One summer I needed a job, and my mom offered to get me a position at the assisted living community where she worked at the time. For some reason, I was oddly excited at the idea of working at the same place as my mom. I assumed it would be us going to the mall on our lunch breaks and her buying me chicken teriyaki, among other fun and delicious adventures.
I was not expecting the assisted living community to smell so strongly of feces. “You’ll get used to it,” she assured me. She wasn’t wrong, although I don’t know that it’s a good thing that my nose has been desensitized to the smell of human excrement.
The interview was largely a formality. I’m pretty sure I probably wore jeans to it. The training–however–was no joke. Nearly two weeks were devoted to watching videos and taking tests on HIPPA, blood borne pathogens, how to drag a patient down the stairs in a blanket in case of a fire (our building didn’t even have stairs), and more.
Finally, I was required to take a CPR class. This seemed like a lot of hoop jumping for the job I was actually going to be performing–my job title was “Activities Assistant.” AKA I played bingo with the residents. For $10 an hour.
My mom decided that she needed to renew her CPR certification, so she signed up to take the class with me. She regrets this decision to this day, I believe.
My mom was flirting with our CPR instructor even though he was only a 4 and she’s easily an 8. Needless to say, I was annoyed that I wasn’t getting the most out of my CPR class because my mom was trying to get a date to the assisted living community prom. That definitely wasn’t an actual activity we held, but I’m kind of surprised because the activities grew increasingly more stupid the longer I worked there (I was once asked to do an assisted living community yoga class. I had never taken yoga and most of the residents were in wheel chairs.).
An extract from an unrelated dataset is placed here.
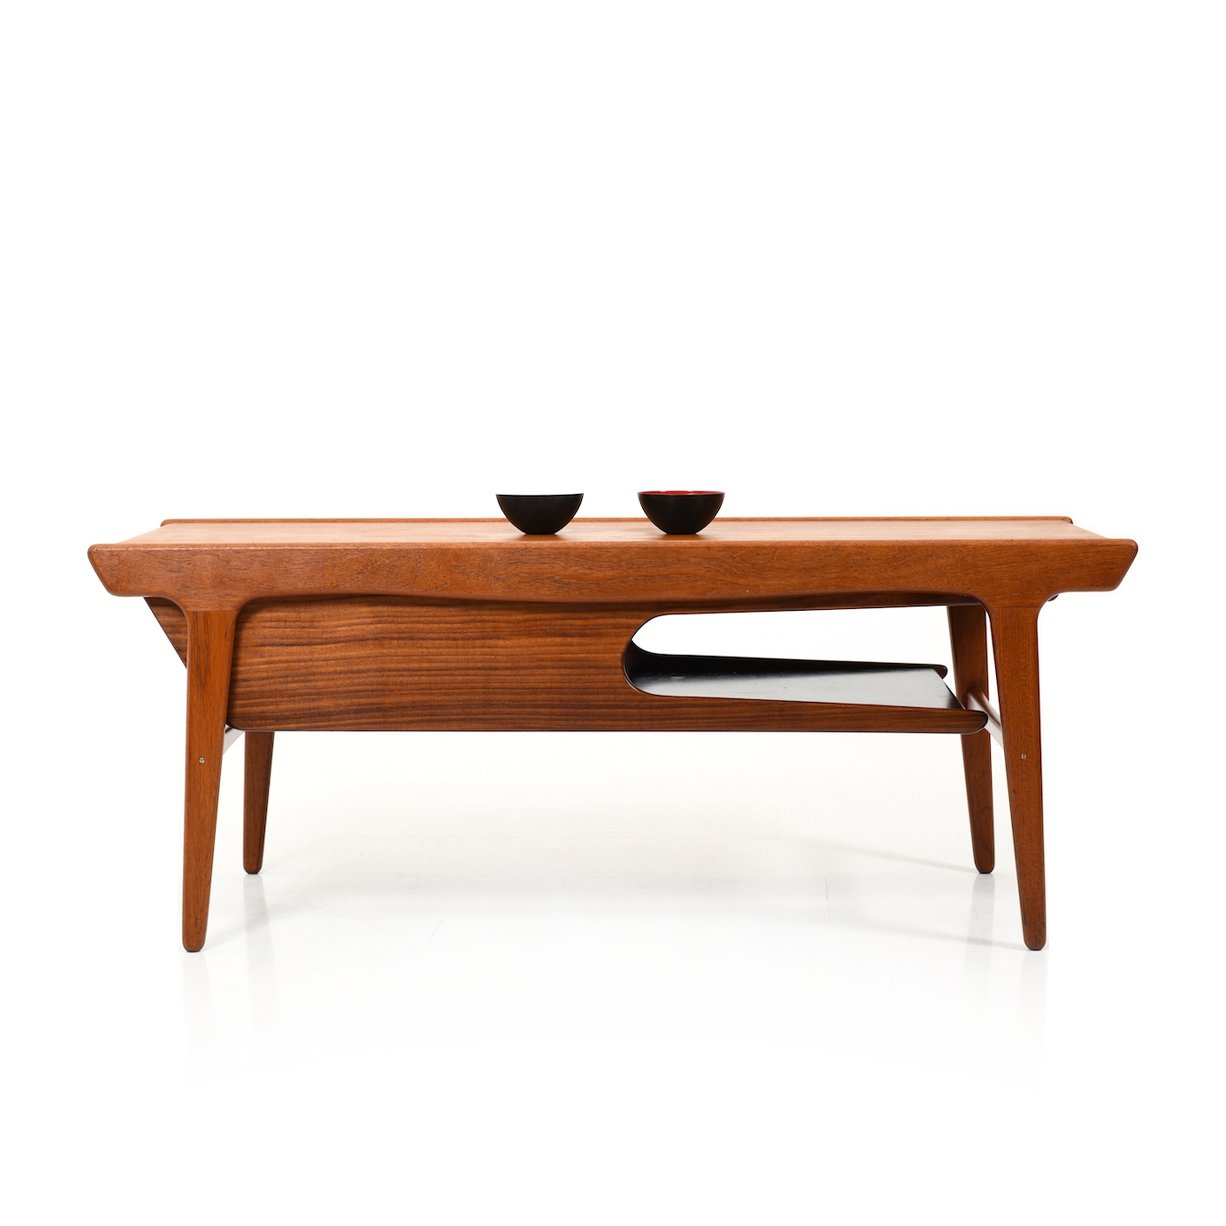 Rare Mid Century Danish Teak Sofa Table With Formica Inlays 134187

By the time my mom was done batting her eyelashes and twirling her hair, I had forgotten everything I learned. As I approached the CPR dummy–I couldn’t help but think how I was going to let him down. He was going to die, simply because my mom has to flirt with every man we encounter–no dentist, waiter, grocery store checkout bag boy is safe. I became overridden with emotion and rage, tilted his sweet, plastic head backwards slightly, and folded my hands onto the smooth, cold surface of his unmoving chest.
“BREATH GODDAMMIT,” I shouted. “Don’t you go dying on me! I won’t let it end like this!”
As the tears streamed down my face, the temperature in the room dropped and the lights began to dim. Suddenly we were transported to the middle of the Atlantic, and my own breath was visible in the cold air in front of me as I frantically inhaled and exhaled.
“You’re going to go on. And you’re going to make lots of babies. And you’re going to die an old woman, warm in her bed,” I squeaked to the naked, male torso of the mannequin in front of me. I didn’t even know his name, yet we had been through so much in the past twenty minutes. I was deeply invested at this point.
Obviously those last two paragraphs didn’t happen. But my mother was mortified at this point. I had made a fool of myself–in front of her potential fourth husband.